It also gives us some of the summer’s best performances—chief among them Haley Joel Osment as David, the boy with the barking laugh and eyes that melt through all your emotional defenses. Osment proves his Oscar nomination for The Sixth Sense was no fluke as he embraces this challenging role with the right balance of robotic artificiality and little-boy longing. Frances O’Connor as Monica Swinton—the mother whose grief for her real half-dead boy “is going undigested”—is riveting and proves her previous performance in Mansfield Park was no fluke, either. She takes us through sullen grief, distrust of her “new” son which melts into love, and then heartbreak when they must part. And finally, as Gigolo Joe, David’s guide through the mecha world, Jude Law is physically astounding.

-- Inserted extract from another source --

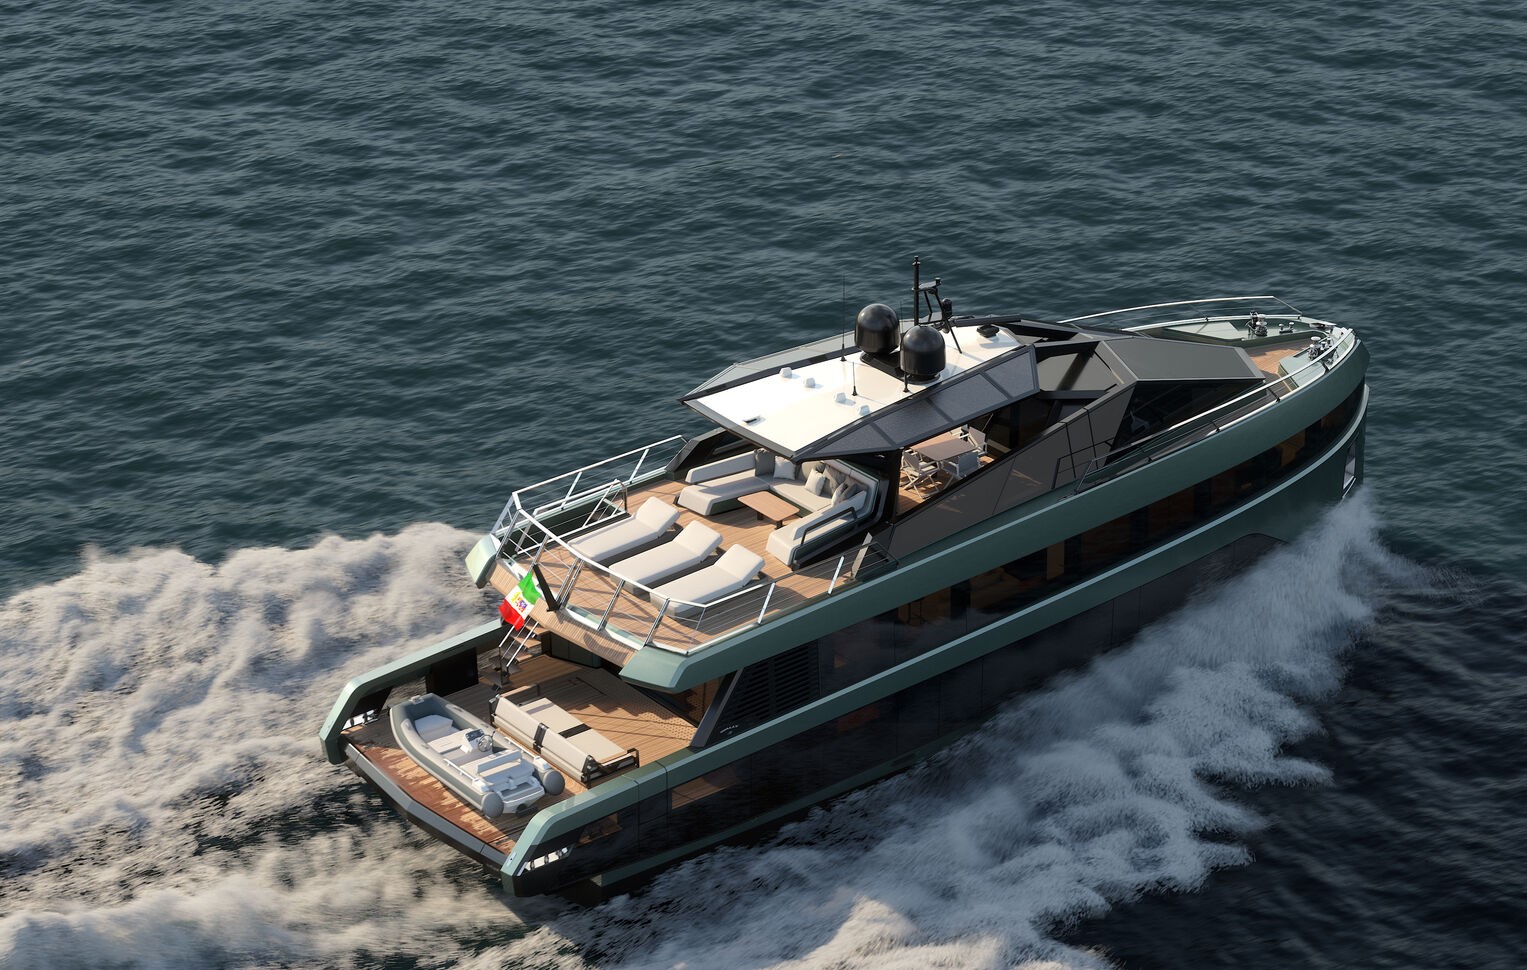 The Venice Boat Show 2024, from May 29 to June 2 at the Venetian Arsenale, features 270 exhibitors, 300 boats, world premieres, and a focus on environmental sustainability.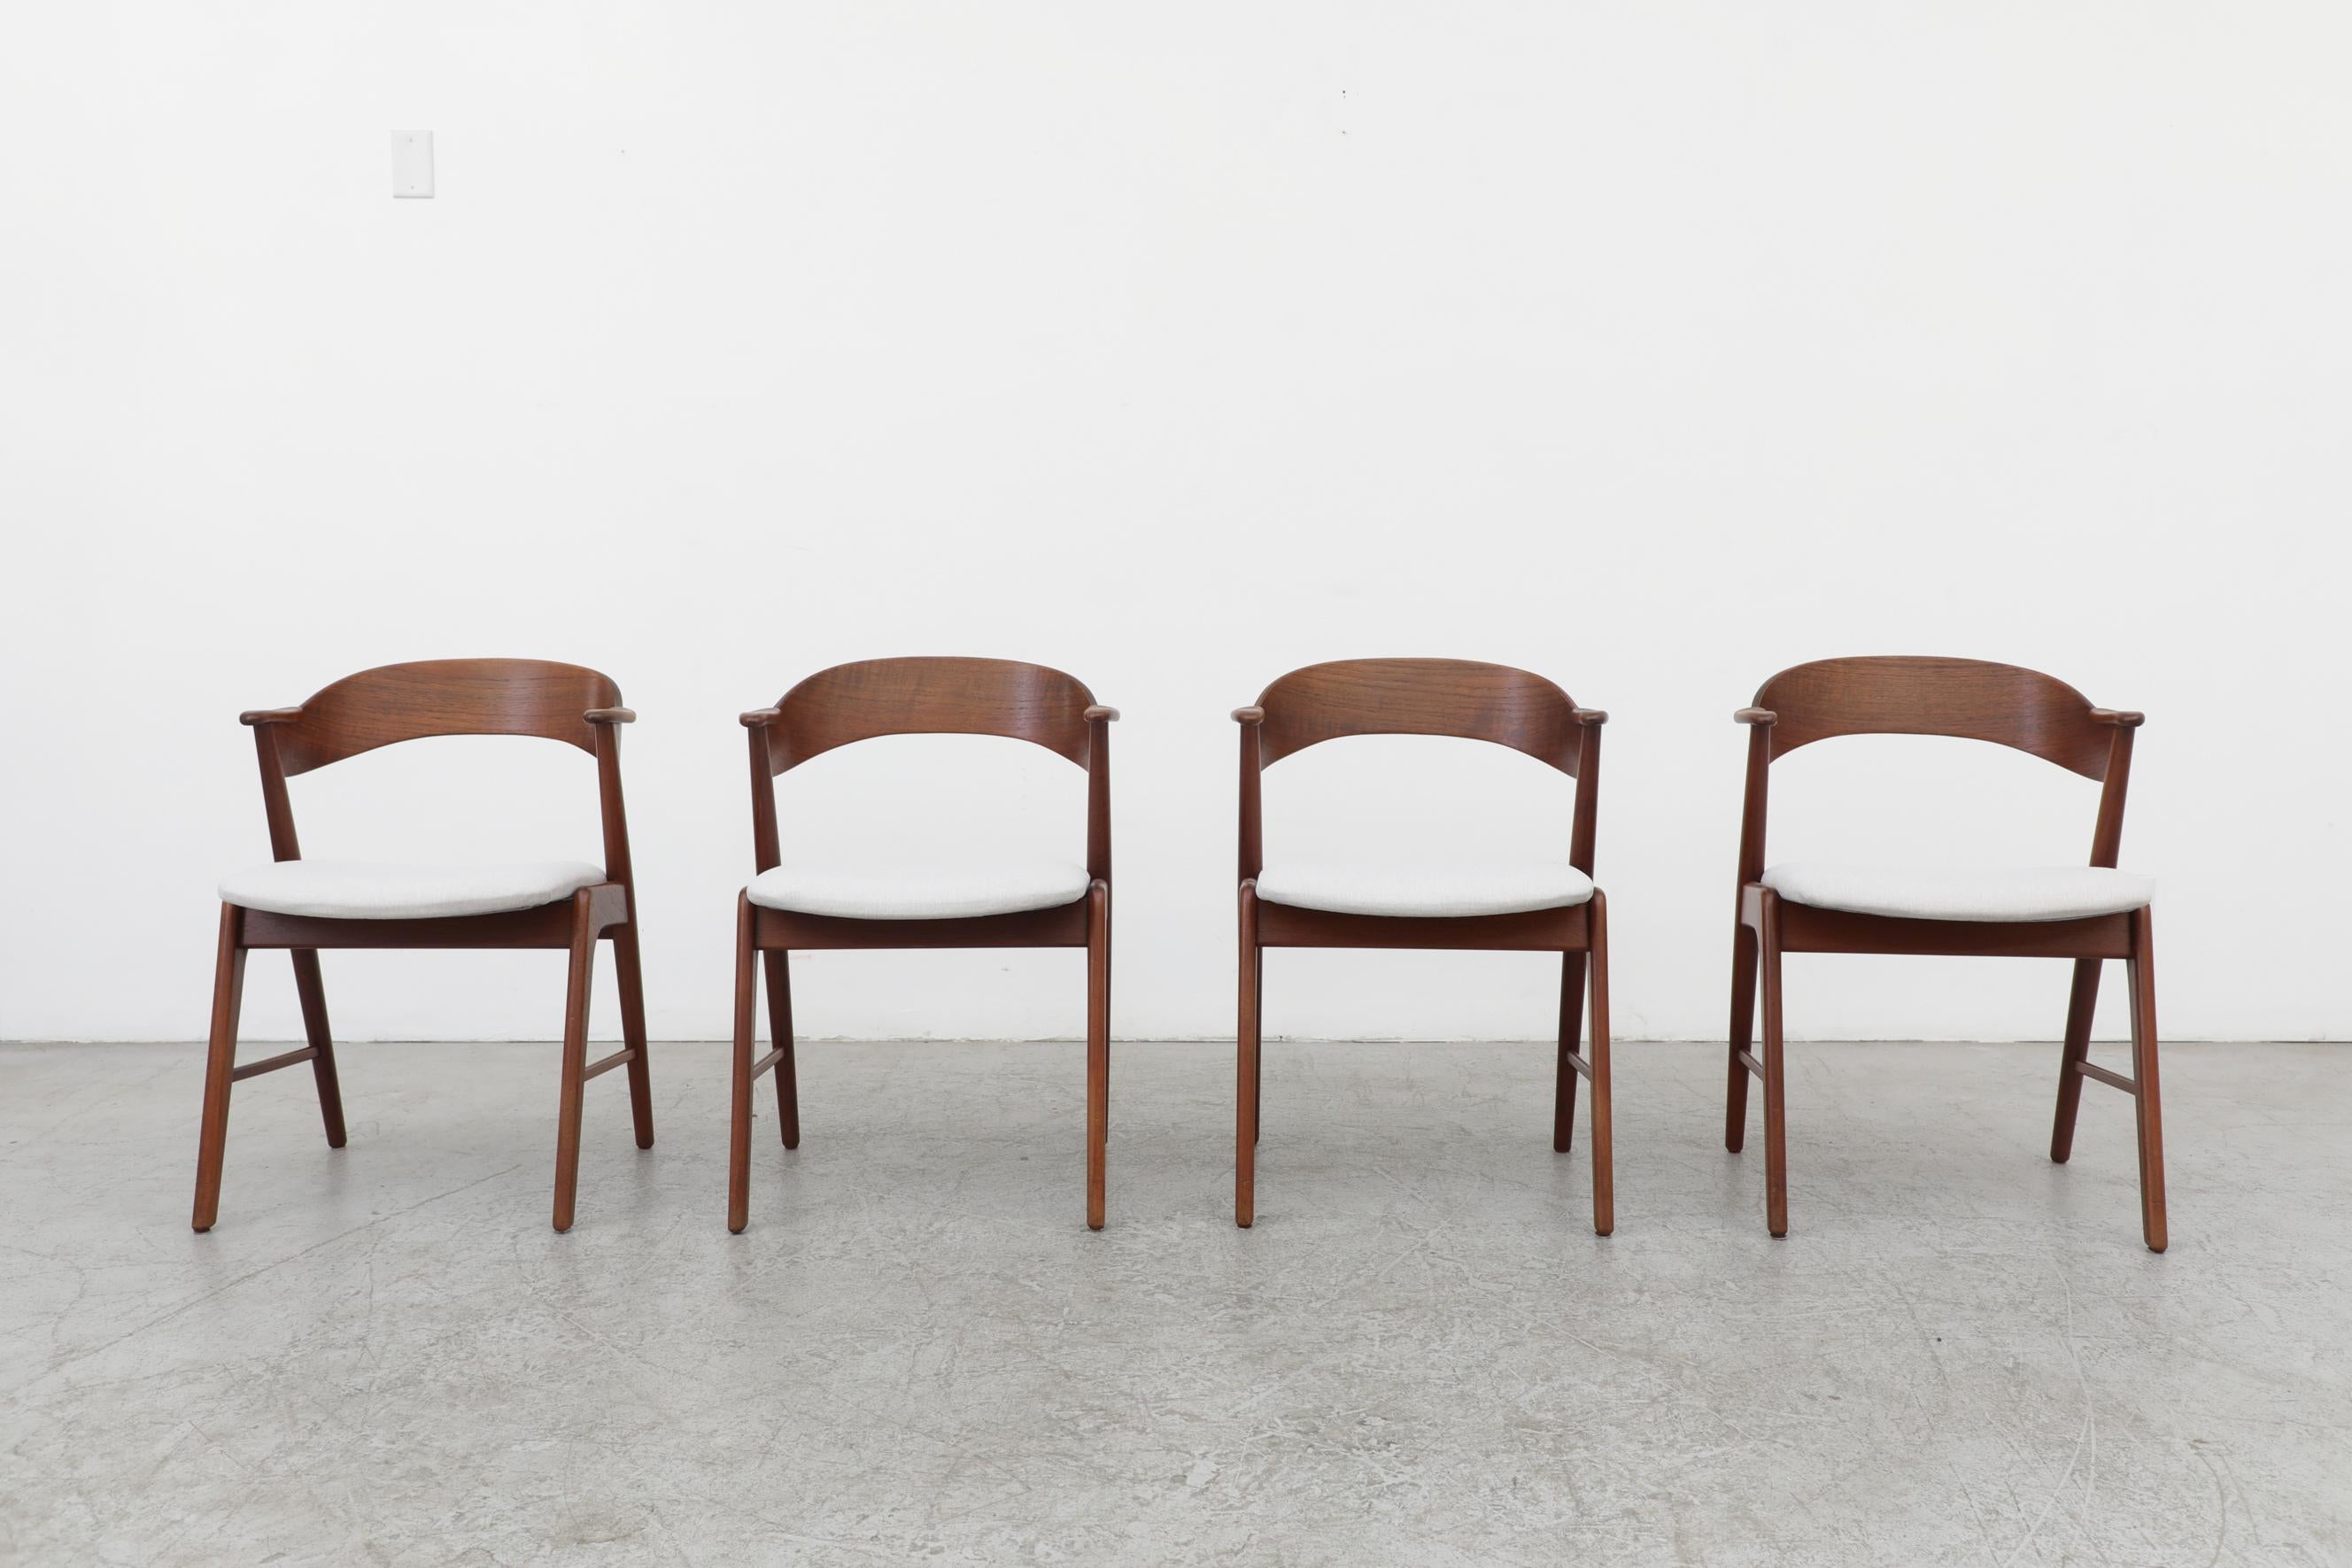 Rare set of 4 model 32 Kai Kristiansen chairs for Schou Anderson, 1960s. Set of 4 dining chairs with teak frames and curved ribbon-like seat backs. Frames are in good original condition with some sun fading to the teak and newer upholstery from

His every move looks mechanized, yet he’s supple, sleek and thoroughly sexy. When he walks along a rainy street, he’s Gene Kelly in Singin’ in the Rain; when he’s servicing a female client, he’s Richard Gere in American Gigolo; when he’s walking through a turnstile (and adding an extra twirl to his step), he’s John Travolta in Saturday Night Fever. Unfortunately, the Gigolo Joe character is only fun to look at—he doesn’t really contribute much to the story except to serve as a contrivance to get David from place to place. But Law is so deeply ingrained in the role, it’s hard not to think his every moment on the screen is beautiful.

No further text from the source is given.